Когда эта молва донеслась до меня, мне уже не было дела ни до его богатства, ни до его побед. Боги не дали нам с ним общих детей, но дали нам возможность познать любовь.
Мой барон печалился, что я не могу подарить ему наследника, но принял моего сына и дочерей, как родных. И всё же любимицей его осталась дочь от первого брака, прекрасная, как бледная весенняя заря. Её мать была ещё прекраснее; говорили, что в ней течёт кровь фейри, но мой барон не пал жертвой её красоты. Брак их стал плодом разума, а не сердца, жена была с ним холодна, а год спустя умерла при родах, оставив после себя лишь горстку воспоминаний, орешник, проросший над её могилой, и синеглазую белокурую девочку.
Мои дети унаследовали мою внешность – волосы цвета рыжей осени и глаза серые, как гроза. Они были красивы, но падчерица моя среди них сияла, как жемчужина на палой листве.
Порой лучше тлеть, чем сиять. Сияние может привлечь взоры, от которых стоит прятаться.
Я помню, как впервые увидела на лице моего барона страх.
– Сегодня матушка передала мне послание, – сказала его дочь за обедом.
Мой барон сперва лишь улыбнулся, а я, взглядом осекая смешки детей, ласково произнесла:
– Уверена, она часто посылает тебе весточки во снах.

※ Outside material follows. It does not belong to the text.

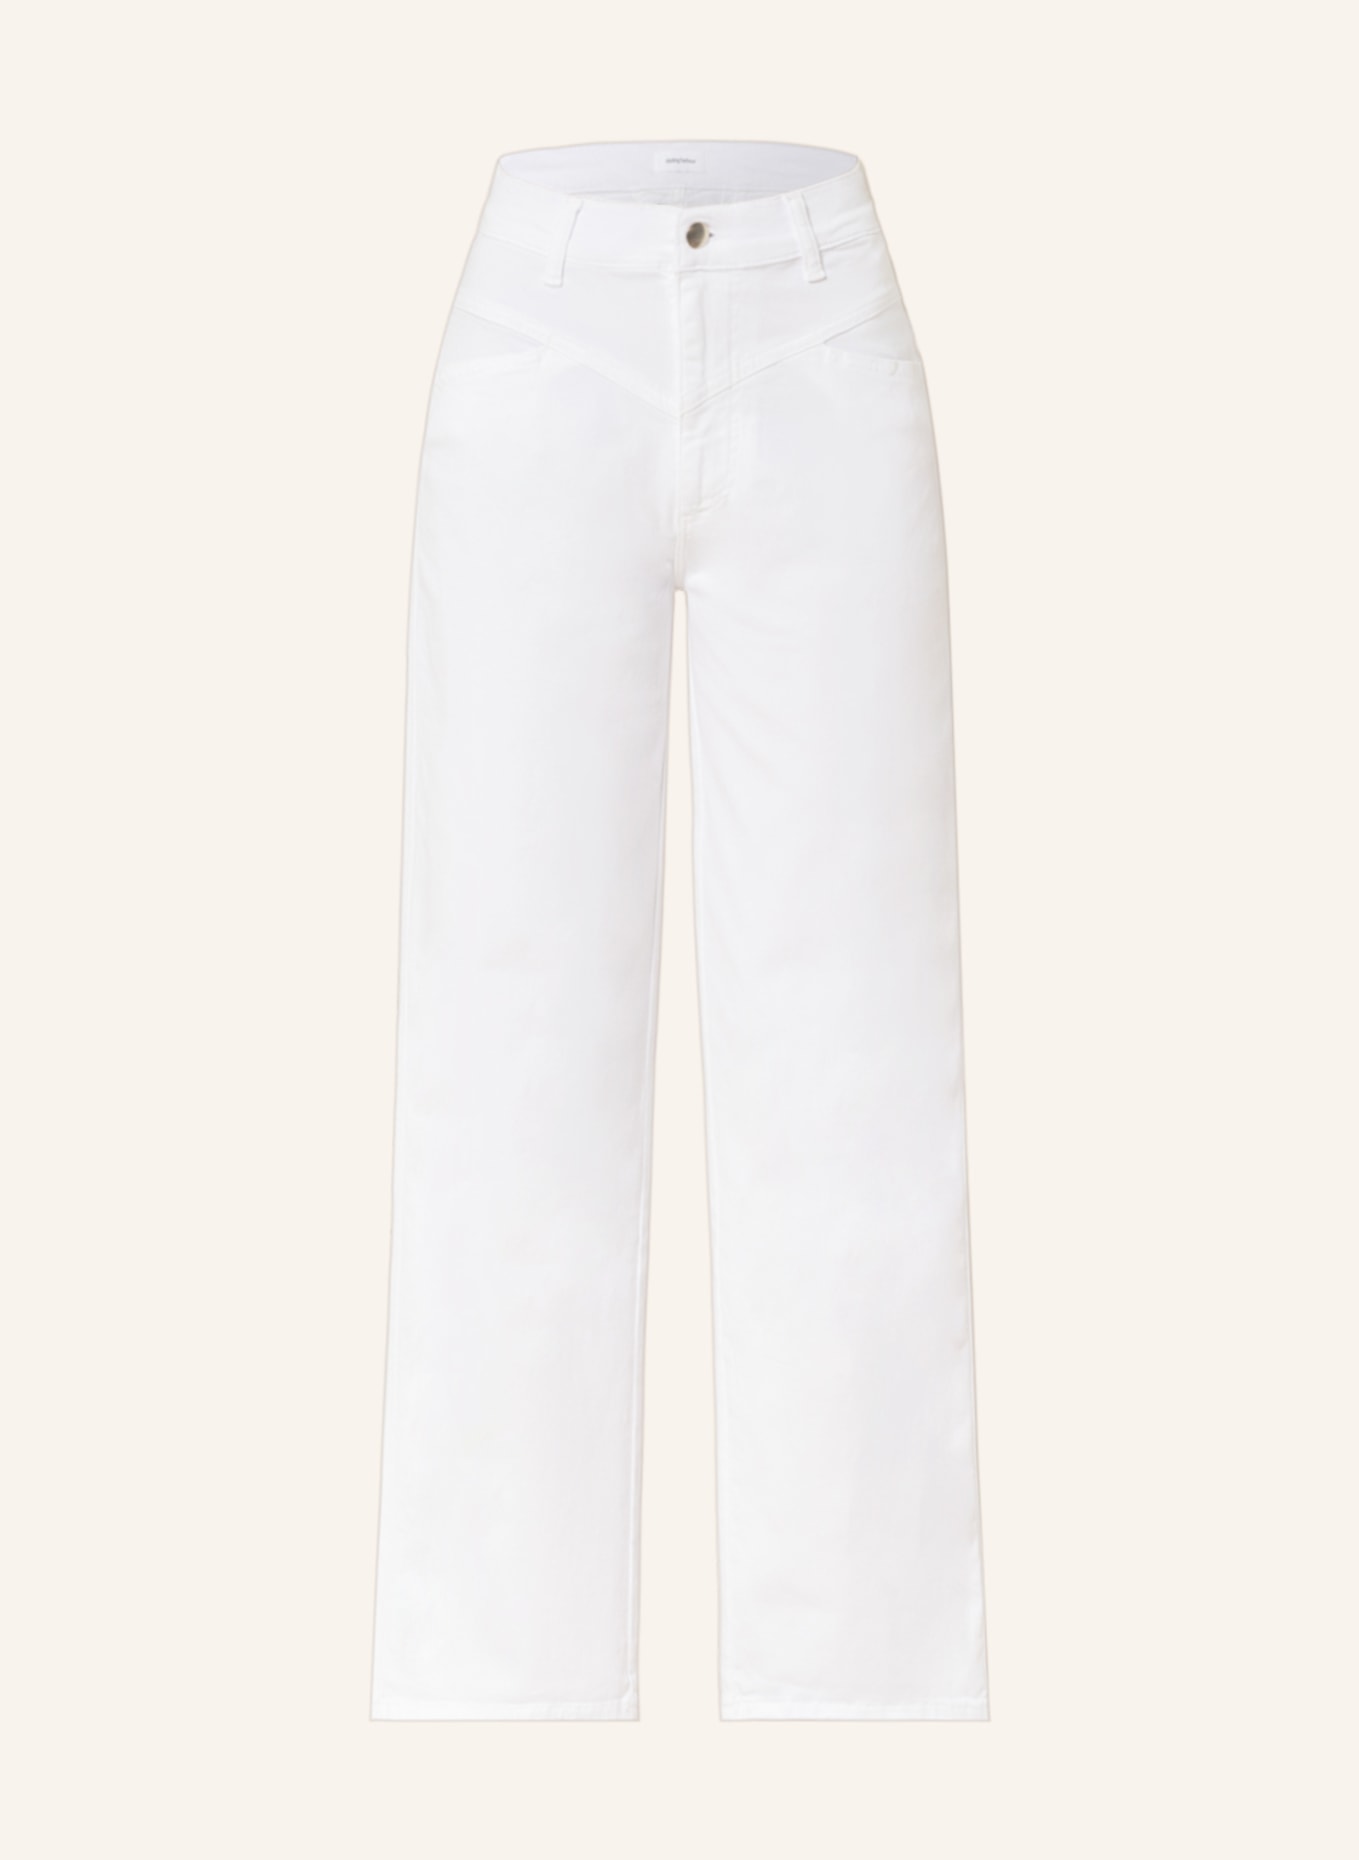 darling harbour Jeans-Culotte, Farbe: WEISS (Bild 1)

– Нет, то было наяву, – возразила падчерица серьёзно. – Я сидела у орешника, под которым спит матушка, и тут в ветвях его запела маленькая белая птичка, и в этой песне я различила человеческий голос. Она сказала, что матушка послала её с небес. Что она – моя фея-покровительница и мне стоит лишь загадать желание под этим орешником, чтобы оно исполнилось.
Тогда я не распознала опасность. Моя падчерица прожила уже тринадцать вёсен, но казалась сущим ребёнком в сравнении с моей младшей дочерью – и часто говорила с красногрудыми малиновками, с амбарным котом, с отцовскими псами, дремавшими у камина. Она кормила птиц зимой и оставляла объедки мышам. Доброе дитя, верившее, что мир тоже добр, любившее сказки и песни больше обыденной жизни.

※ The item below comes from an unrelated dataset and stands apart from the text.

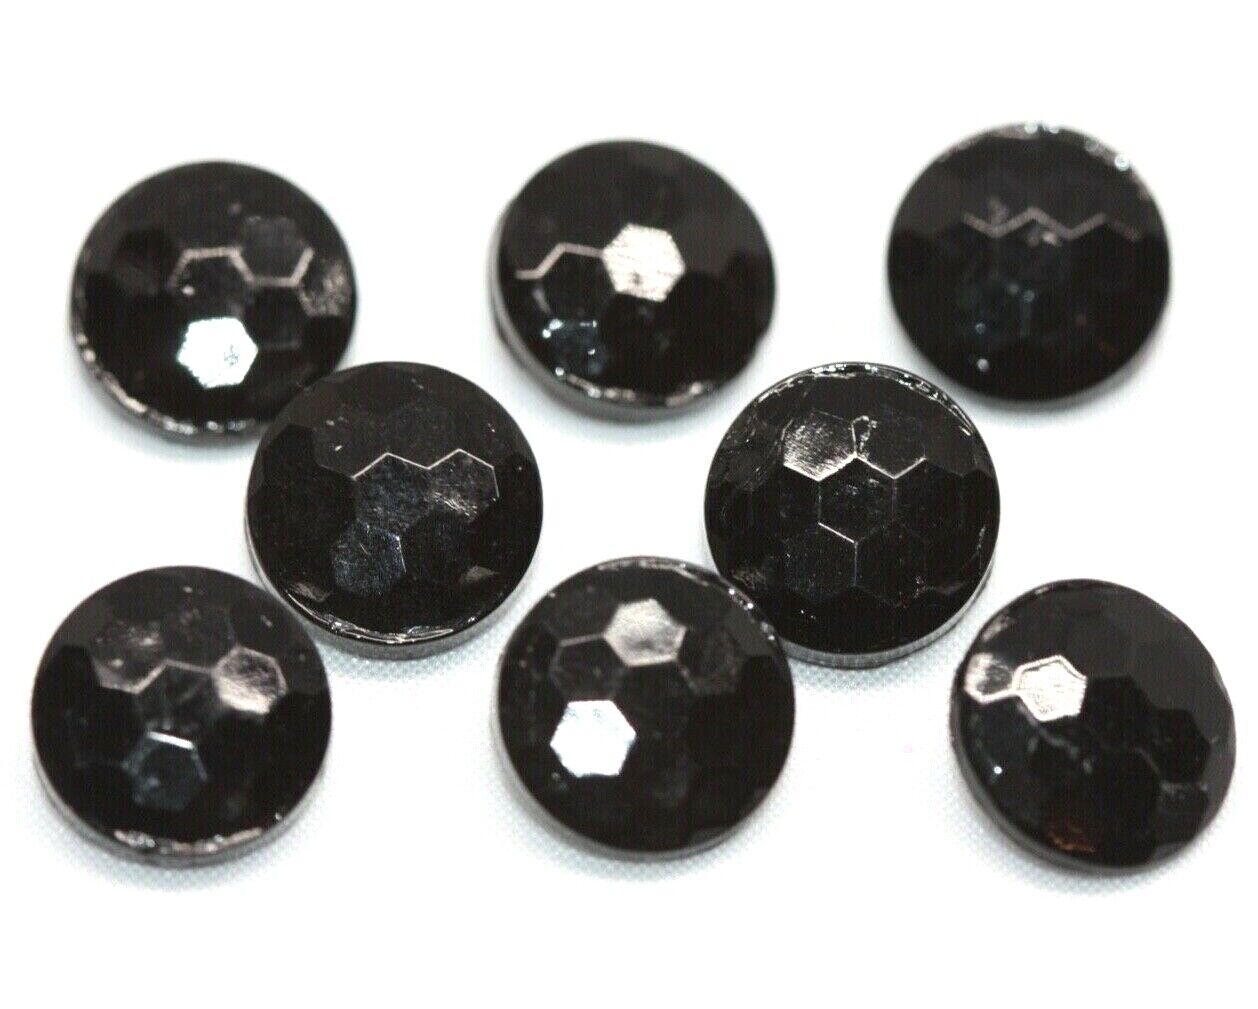 8 Vintage Le Chic Black Glass Honeycomb Buttons Round Faceted Jet Mourning Без бренда

Даже страшные истории о Людях Холмов – о похищенных девушках, о людях, угодивших в сети их чар и погибших так, – не пугали её, а завораживали. Она верила, что фейри не обидят тебя, если ты ведёшь себя с ними как подобает. Недаром в сказках славные кроткие девушки вознаграждались и лишь грубиянок ждало наказание.
Мои дочери порой поддразнивали сводную сестру за это. Я жёстко осекала их, не делая различий между своей и чужой кровью.
– Быть может, то был белый дрозд, посланник Людей Холмов, – сказал мой сын, и тон его был шутливым лишь отчасти. – А то и вовсе кто-то из них обернулся птицей.
Мой барон поднялся из-за стола. Когда я вновь увидела его лицо, на нём не осталось и следа улыбки.
Он подошёл к родной дочери и, присев перед её стулом, взял её за плечи – тогда ещё худые, острые, совсем не девичьи.
– Родная моя, – сказал он, заглядывая в синие глаза, так похожие на его собственные, – если увидишь эту птицу ещё раз, никогда, никогда и ничего у неё не проси.
– Почему? – ответила моя падчерица пытливо и недовольно.
– Потому что она и правда может быть послана Людьми Холмов. А их дары опасны, как они сами.
Тогда, глядя на его бледный лик, я задумалась, что молва может не лгать. Что мой барон не понаслышке знает о силах могущественнее людей и об их подарках.
Мне не пришлось долго ждать, когда мои подозрения подтвердятся.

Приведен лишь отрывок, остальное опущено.